Partijen zijn het erover eens dat de VSO is aangegaan om duidelijkheid te scheppen over de beëindiging van de samenwerking, de wijze van terugbetaling van de leningen en het tegengaan van de schadelijke effecten van de lastercampagne. Nu de VSO daarmee in de plaats is gekomen van de oorspronkelijke leningsovereenkomsten, ligt in de eerste plaats ter beoordeling voor of het beroep op vernietiging van de VSO slaagt.
4.3.
Bij de rechtbank bestaat gerede twijfel of [gedaagde] het geleende geld van [eiser] geheel heeft besteed aan de koop en exploitatie van de steengroeven in Iran. Uit onderzoek van de FIOD is immers gebleken dat slechts een deel van het geld is overgemaakt naar Turkse vennootschappen, zoals vooraf door [gedaagde] was aangekondigd. Ondertussen besteedde [gedaagde] grote sommen geld in het casino, aan horloges en dure auto’s en aan de huur van een jacht in Zuid-Frankrijk. Zijn stelling dat deze uitgaven een instrument waren in het betalingsverkeer met Iran en dus indirect de koop en exploitatie van de steengroeven mogelijk maakten, heeft [gedaagde] op geen enkele wijze concreet gemaakt.
4.4.
Deze twijfel bestond echter voorafgaand aan het sluiten van de VSO ook al bij [eiser] , zo leidt de rechtbank af uit het dossier. Uit de correspondentie tussen partijen blijkt immers dat [eiser] al in 2015 kopieën wilde van aankoopcontracten en licenties van de groeven. In het kort geding in 2017 vorderde [eiser] c.s. ook informatie, waaronder de eigendomspapieren en betalingsbewijzen voor de groeven. [eiser] c.s. stelde in die procedure duidelijkheid te willen over hoe het geleende bedrag was besteed. Hierover leefde bij [eiser] c.s. kennelijk toen al vragen.
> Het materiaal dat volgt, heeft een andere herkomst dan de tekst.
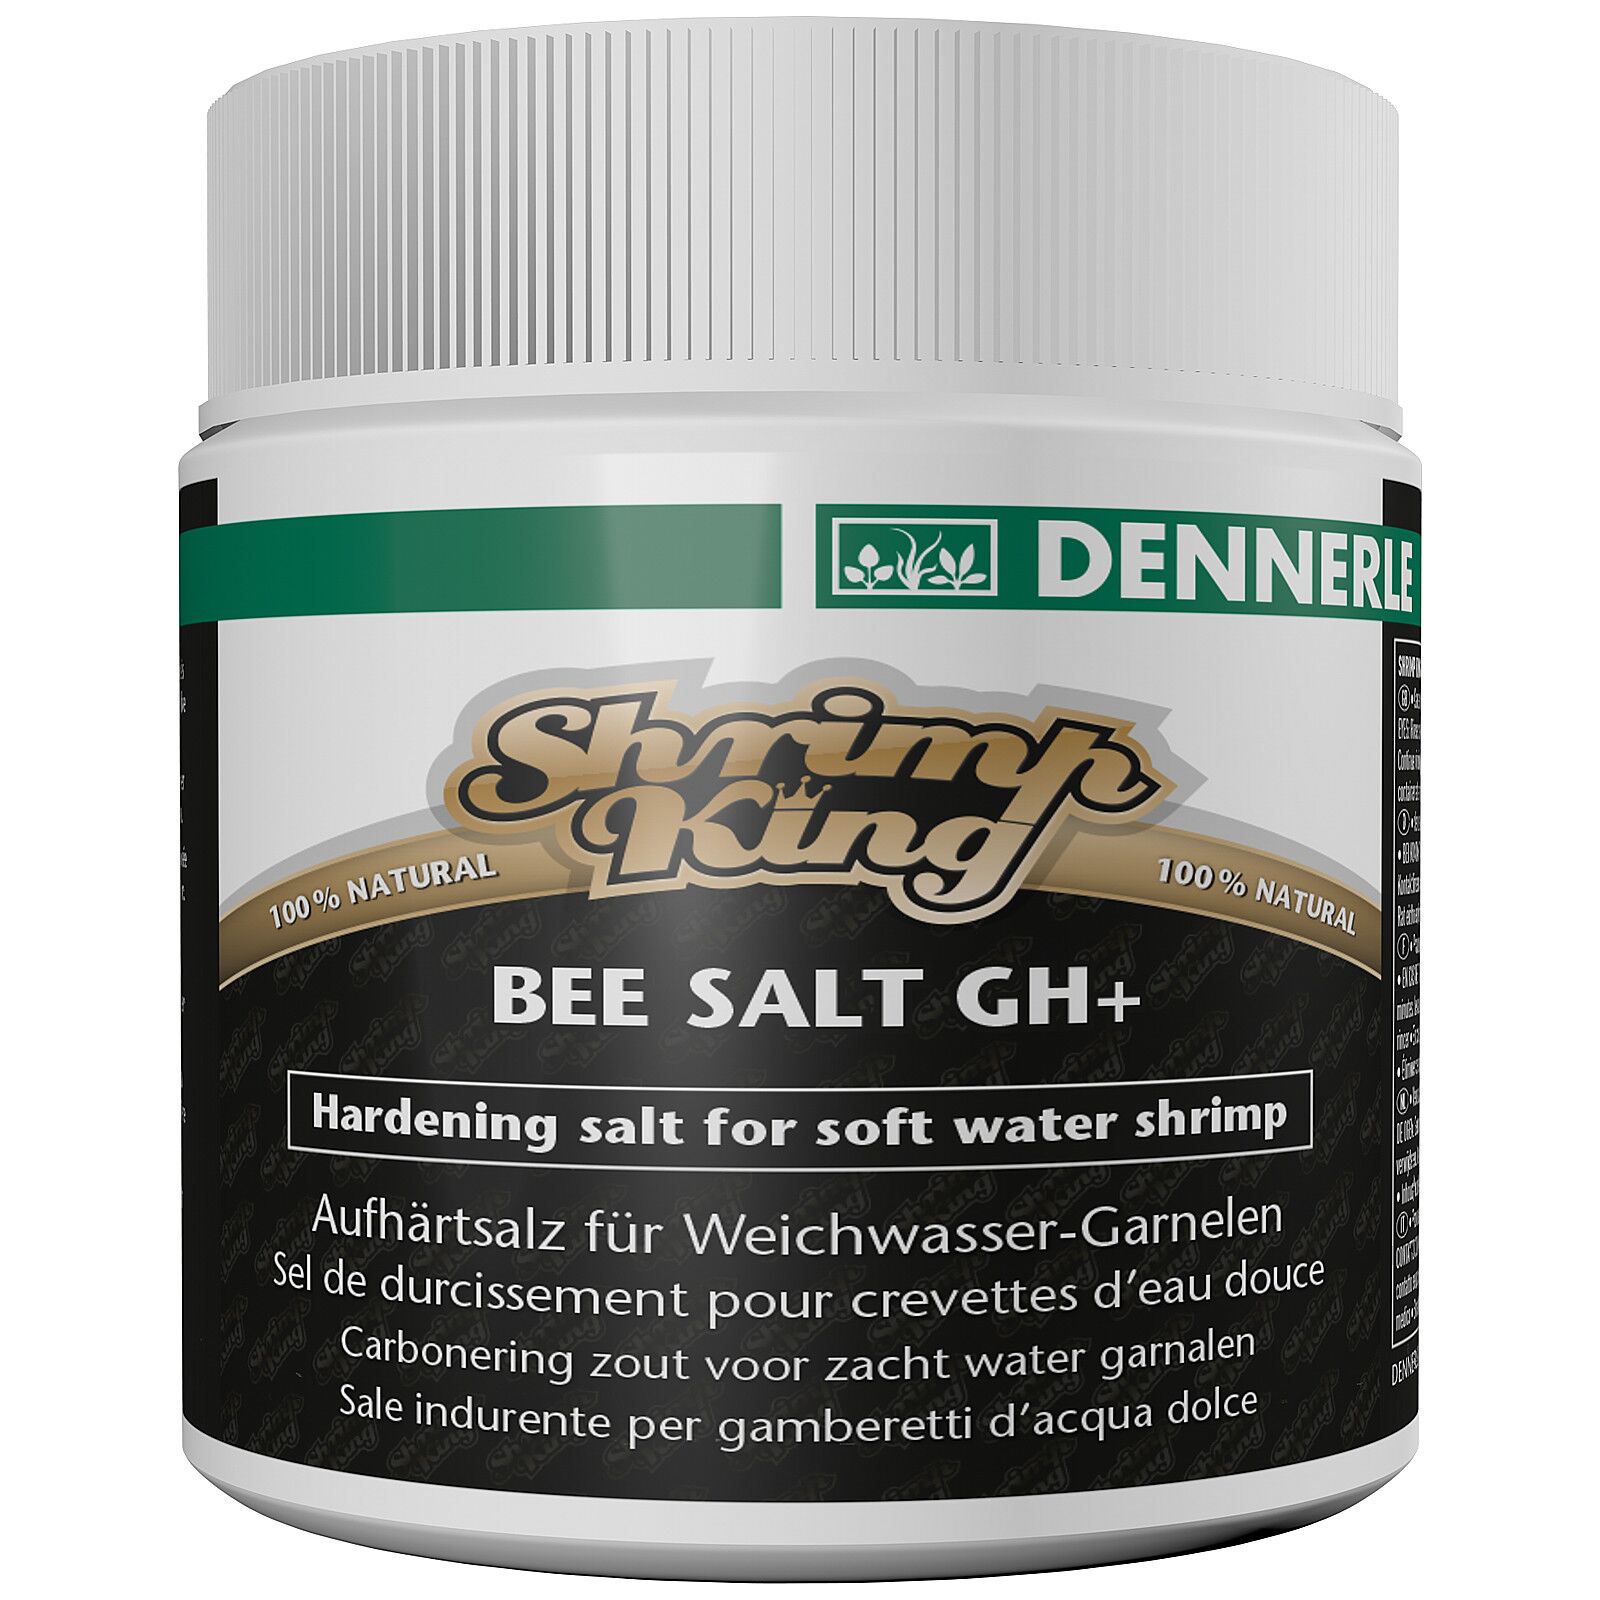 Dennerle - Shrimp King - Bee Salt GH+ - 200 g - B-Ware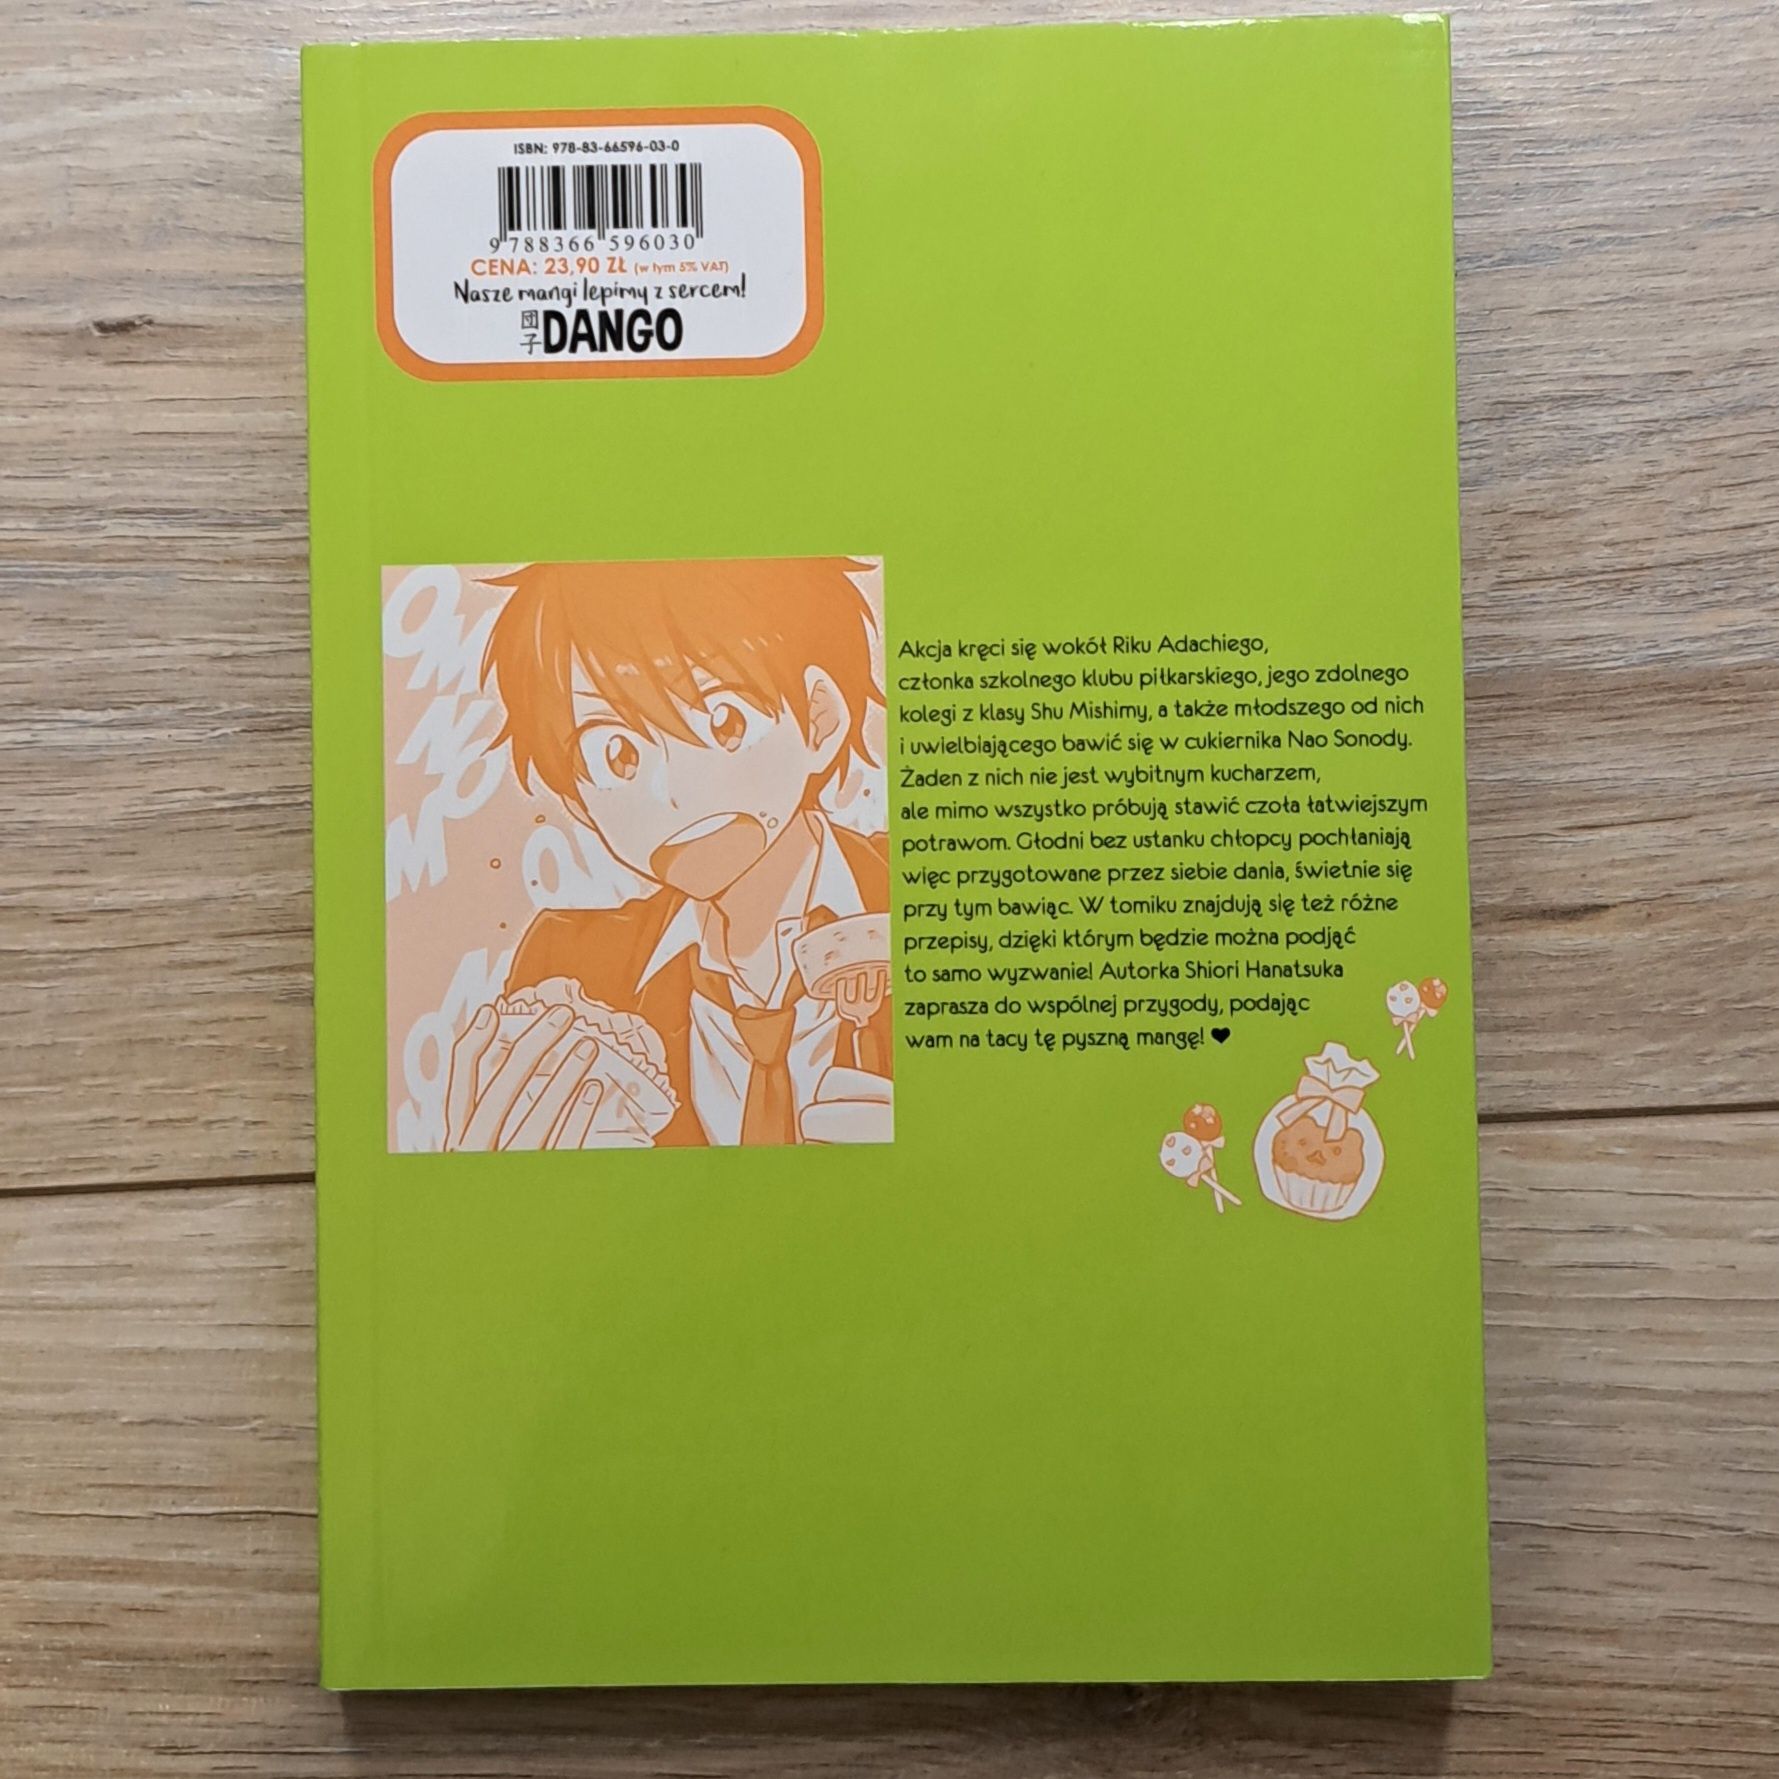 Manga "Głodni bez ustanku" - Shiori Hanatsuka

Na het vonnis van de voorzieningenrechter is de GABME-berichtgeving gestart. Daarin werd [gedaagde] in verband gebracht met fraude en oplichting en werd gewezen op exorbitante uitgaven in het casino, aan dure auto’s en de huur van een luxe jacht. Vervolgens werd een artikel in Quote gepubliceerd over [gedaagde] en zijn geschil met [eiser] . [eiser] was van deze berichten op de hoogte. In een mail van 18 december 2017 van [naam] aan [eiser] wordt gesproken over de GABME-berichten. Op 8 januari 2018 heeft [eiser] een mail naar [naam] verstuurd met als onderwerp ‘uitwerking schikkingsovereenkomst’. In deze mail schrijft [eiser] onder meer: “
de afspraak zal dus kort en bondig moeten zijn. Waar is het geld gebleven. Hij[ [gedaagde] , rb]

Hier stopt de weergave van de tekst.